Troxel and Matthews recently summarized the evidence regarding the ways in which martial conflict and divorce can have a negative effect on the physical health of children. Not only do they suggest that there is evidence that children's health can be comprised by marital difficulties, but they also suggest that childhood adversity can disrupt the development of the stress response in children and increase the sensitivity or reaction to stressful circumstances later in life.

Further exploring these hypotheses, researchers have begun to look into the specific health outcomes that may result from divorce. Esme Fuller-Thomson and Angela Dalton just reported (forthcoming in the International Journal of Stroke) a potential link between parental divorce and increased likelihood of a stroke. Based on data collected by the Centers for Disease Control and Prevention, the researchers examined the health records of 5,632 women and 3,900 men from a nationwide sample of the US population.

They took considerable effort to isolate the role of parental divorce related to stroke by excluding all individuals who reported any type of childhood abuse and those who had a parent who was a substance abuser. They also collected information about income, education, physical activity, body mass index, alcohol use, smoking, diabetes, social support, marital status, mental health issues and health care use. In short, the scientists were trying to identify all the other possible causes of stroke and make sure that none of these factors accounted for the likelihood of stroke.

Even after controlling for all these factors, parental divorce still increased the likelihood that men would suffer a stroke by three times. The scientists did not find this effect for women.

Fuller-Thomson and Dalton explain that this may happen because of a process called "biological embedding" which "proposes that early adversities may affect health across the lifespan by influencing the normal development of the hypothalamus-pituitary-adrenal axis."

Why are men vulnerable, but not women? Although there have been some reports that boys have greater risk of mental health problems than girls following divorce, the evidence has largely been mixed. Since we know very little about the circumstances of the parental divorce, it is important to wait for further studies to provide more information about gender differences regarding stroke and other physical health issues.

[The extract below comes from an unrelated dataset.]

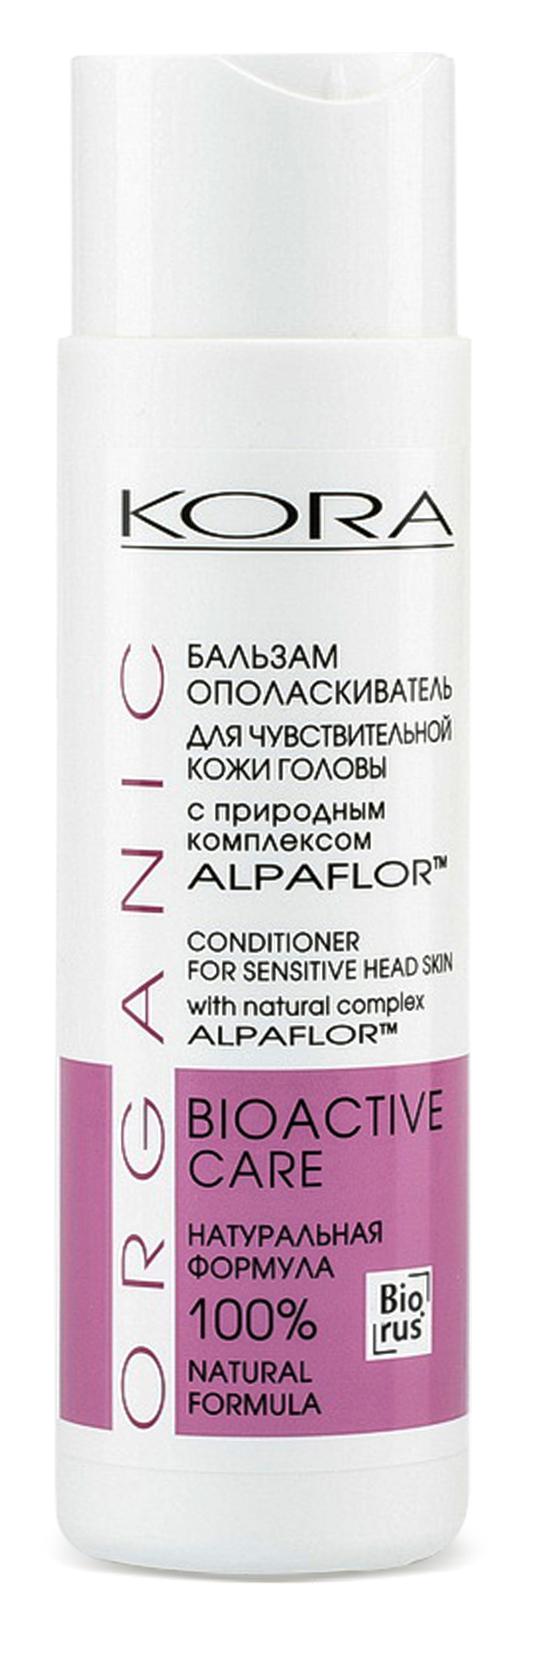 KORA Бальзам ополаскиватель для чувствительной кожи головы с природным комплексом Alpaflor 250 мл

So what should we make of these findings? The results are too tentative for parents and practitioners to make a big deal of, though its important to note that researchers continue to identify "marital conflict" as the specific mechanism that is often at the core of these health-related findings. This should remind all parents -- cohabiting, married, divorced or remarried -- to find ways to resolve differences and work out conflicts in ways that diminish rather than escalate conflicts. There are many useful resources available to couples to help them to learn better strategies for dealing with differences.